Rocket Building and Part Choices
Spaceflight Simulator begins with construction. Players assemble fuel tanks, engines, capsules, separators, landing legs, and other parts into a rocket that must be strong enough to launch and efficient enough to complete the planned route.
Every part choice matters because weight, thrust, fuel, and staging affect the flight. A rocket that looks powerful may waste fuel too early, while a lighter design may need cleaner timing to survive launch and reach orbit. The best builds come from learning those tradeoffs.
Launches, Orbits, and Mission Planning
The simulation becomes more rewarding once a craft leaves the pad. Players need to control ascent, manage stages, shape the orbit, and plan burns so the spacecraft reaches a stable path instead of falling back too soon.
This creates a satisfying trial-and-error loop. A failed mission teaches why the design or flight path did not work, and the next launch can adjust fuel, staging, engine power, or timing to move closer to the target. Each retry can improve both the rocket and the plan.

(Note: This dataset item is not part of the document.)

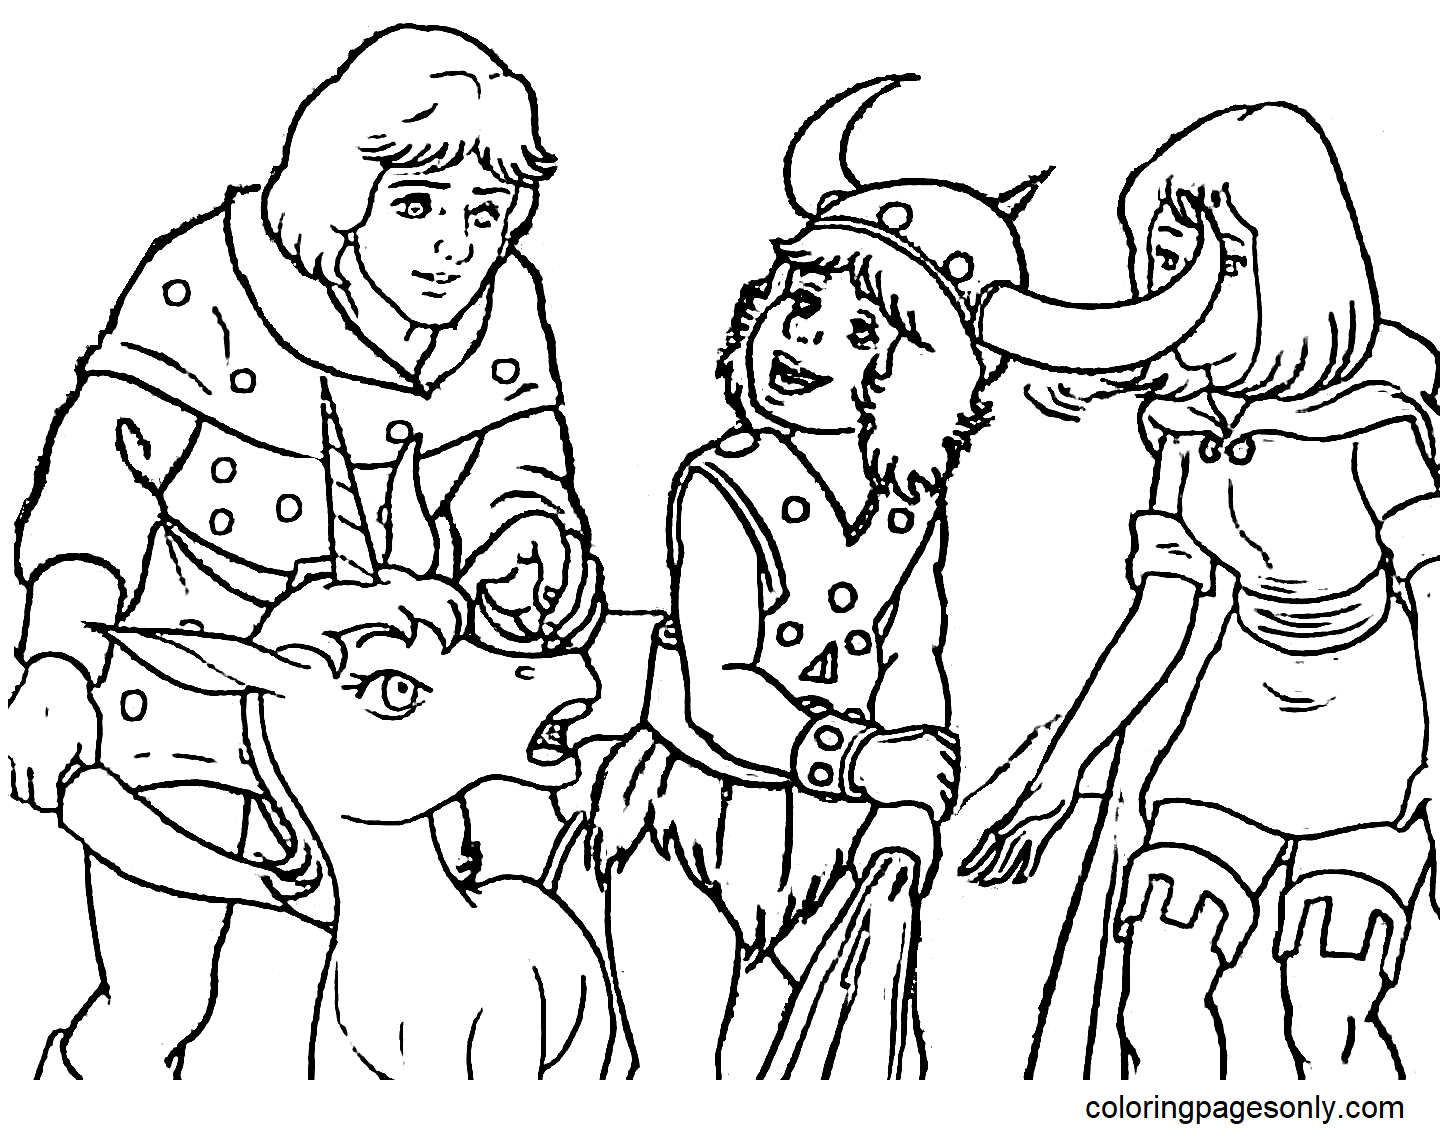 Hank il Ranger, Bobby il Barbaro, Sheila la Ladra e Uni l'Unicorno di Dungeons & Dragons
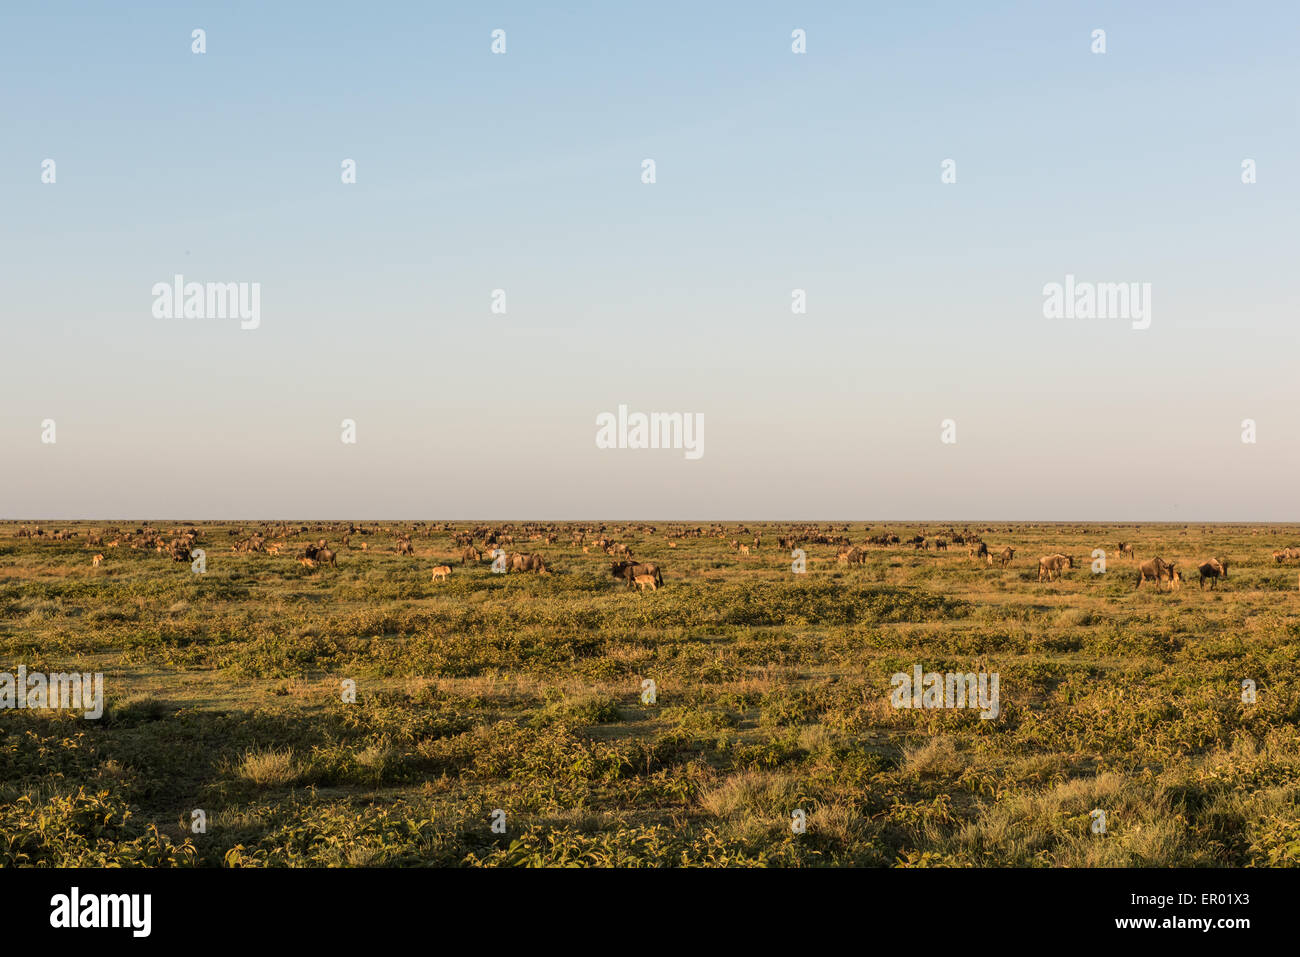 Ndutu wildebeest scene, Tanzania Stock Photo

Sandbox Exploration and 1.6.00.22 Fix
Beyond early orbit attempts, the sandbox supports landings, bigger missions, and more ambitious spacecraft designs. Players can build toward moon-style landings, docking ideas, or experimental rockets that test how far the parts system can go.
Public 1.6.00.22 notes identify a fix for a home-screen freeze. For users, the main appeal remains the same: build a craft, watch physics expose its weaknesses, then improve the design until the mission works. The sandbox stays strongest when experimentation is the goal.